Got back from China yesterday, and one thing my colleagues and I noticed was the (completely anecdotal) vast majority of the children anywhere we looked were male. We were told that the Chinese governmnet is considering modifying its “one child” policy such that couples who give birth to and are willing to raise female babies might be given the opportunity to have a second child without penalty, generally to try again for a boy. According to the NYT “a bias in favor of male offspring has left China with 32 million more boys under the age of 20 than girls.” The article reports:
… Chinese government planners have long known that the urge of couples to have sons was skewing the gender balance of the population. But the study, by two Chinese university professors and a London researcher, provides some of the first hard data on the extent of the disparity and the factors contributing to it.
In 2005 , they found, births of boys in China exceeded births of girls by more than 1.1 million. There were 120 boys born for every 100 girls.
This disparity seems to surpass that of any other country, they said : a finding, they wrote, that was perhaps unsurprising in light of China’s one-child policy.
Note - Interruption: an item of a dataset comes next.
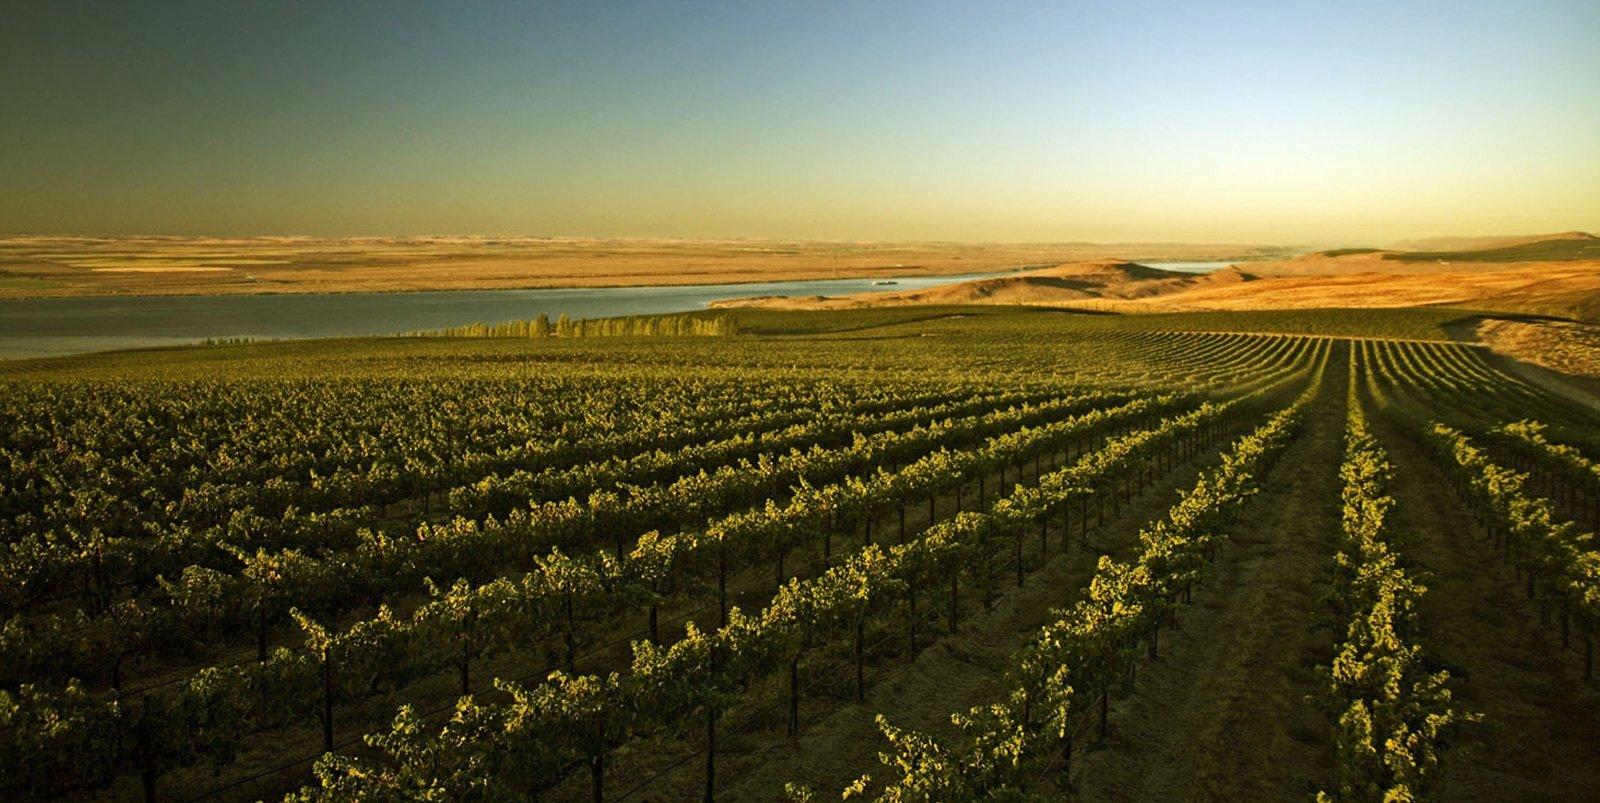 Chauffeured Winery Day Trips Mornington Peninsula

They attributed the imbalance almost entirely to couples’ decisions to abort female fetuses.
The trend toward more male than female children intensified steadily after 1986, they said, as ultrasound tests and abortion became more available.”Sex-selective abortion accounts for almost all the excess males,”the paper said.
The researchers, who analyzed data from a 2005 census, said the disparity was widest among children ages 1 to 4, a sign that the greatest imbalances among the adult population lie ahead. They also found more distortion in provinces that allow rural couples a second child if the first is a girl, or in cases of hardship.
Those couples were determined to ensure they had at least one son, the researchers noted. Among children born second, there were 143 boys for 100 girls, the data showed. …
It might be nice to think that because as girls grow scare, they might be valued more. But other evidence suggests “excess demand” will be met with prostitution and other forms of human trafficking. I will write more about this and many other things as the jet lag lifts and I catch up on oh so many things that accumulated while I was away. NB: I couldn’t access the blog from many locations in China, sorry if I didn’t post everything sent my way.
–Ann Bartow
Welcome back Ann! The disparity of gender numbers can only be a good thing if the social desires that caused it in the first place change. The “supply”/ “demand” argument is truly scary if the “who is demanding to be satisfied” is the same old group. In many ways only the value of the “supply” changes with numbers. And of course, that value is in the context of what is being demanded of whom.